Scallops are the edible pearls of the sea!
There is something so special about these pellets of tender, sweet protein. There is nothing comparable to breaking through the crisp buttery outer sear with your teeth, to such a contrasting melt-in-your-mouth center.
Once you know a few tricks of the trade (including how Gordon Ramsay himself prepares his legendary scallops), making scallops at home is a cinch! There are 4 key steps to achieving succulent, flavourful scallops.
Your results can only be as delicious as the ingredients you choose to work with. Deciding what flavours will best match your dish is important; Bay scallops tend to be smaller and sweeter, while Sea scallops tend to be large and more neutral tasting.
The quality of either type is determined by its freshness, including it’s preservation method and where it comes from. Your scallops should smell mild and sea-like, not sharp or like chemicals. They shouldn’t be fluorescent white (from iodines) or any have distortions to the surface which suggest freezer burn.
‘Dry’ scallops are ideal because they have not been soaked in preservative liquids, meaning their flavour hasn't been compromised. Picking the right scallops is easy with Farm2Fork. Our wild scallops are fresh as can be and are not preserved with chemical baths. They are caught fresh in the Bay of Fundy or Gulf of Maine and are cream of the crop - we like to think Mr. Ramsay would approve.
Prep is important if you want tender scallops that won’t get stuck in your teeth. Because they are bivalves (live between two shells attached by an adductor muscle), their muscle must be shorn off (it’s pretty unpleasant to eat). It looks like a small strip along the side and is easy to find and remove.
Next you should give them a quick cold-water rinse and pat dry. Cut the very large ones in half to ensure they cook evenly. Soak all your scallops in milk for an hour to tenderize the meat.

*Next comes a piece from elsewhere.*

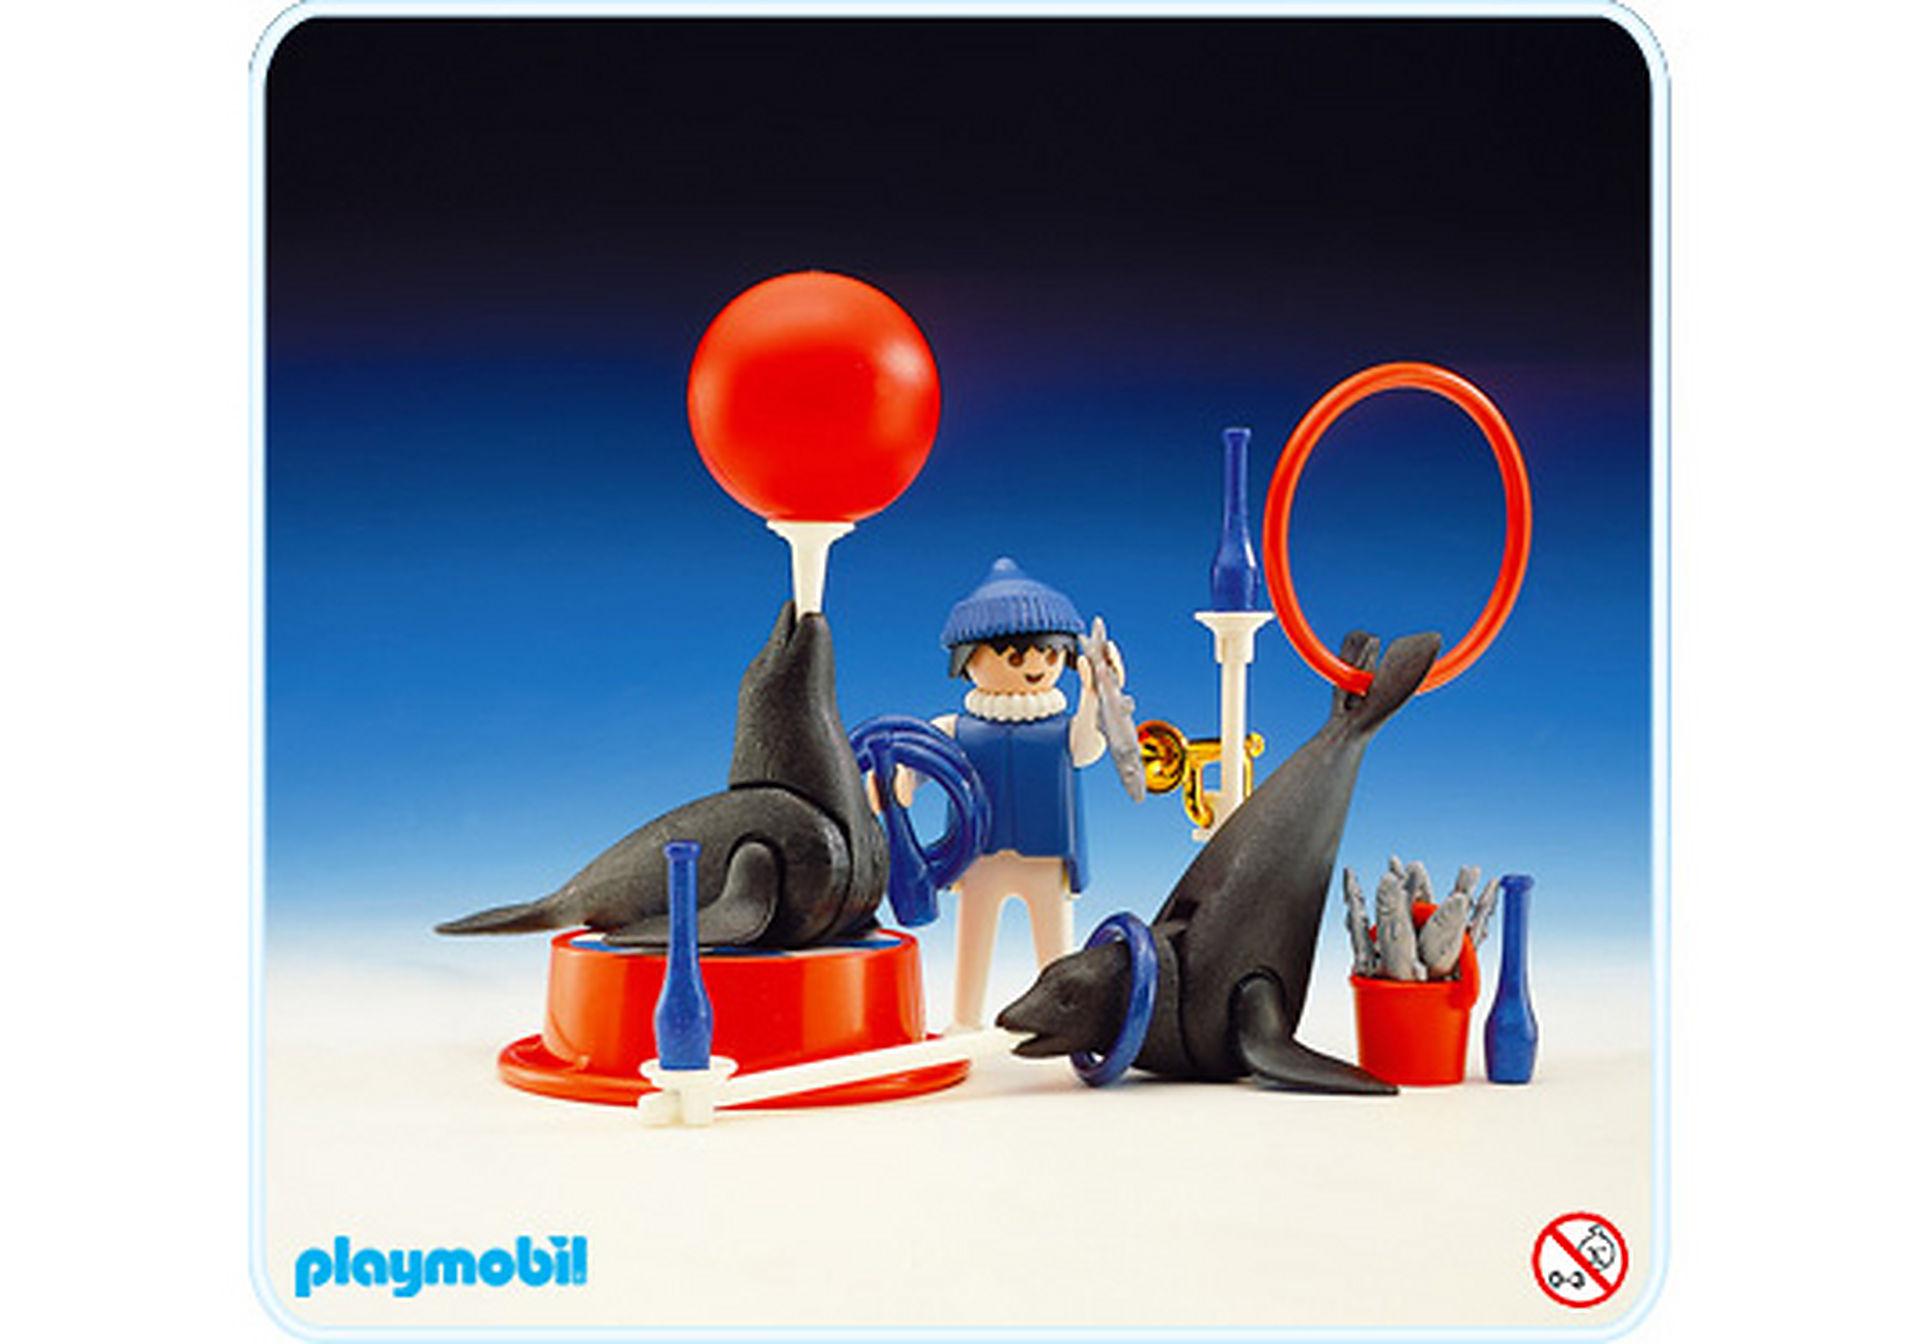 http://media.playmobil.com/i/playmobil/3518-B_product_detail/Dompteur/Seelöwen

Scallops are very lean and mild tasting so it's imperative to add some flavour notes! Marinating is a great place to start. Pat the milk off the scallops and transfer them into a bowl of this mixture:
- Half cup olive oil
- 3 teaspoons of soy sauce
- 2 teaspoons of lemon juice
- Clove of minced garlic
- Teaspoon of honey
Let them sit for half an hour. Pat them dry one last time and season with salt and pepper (don’t be shy, some will be lost in the cooking process). For an extra crispy outer sear, add some flour to your seasoning mixture.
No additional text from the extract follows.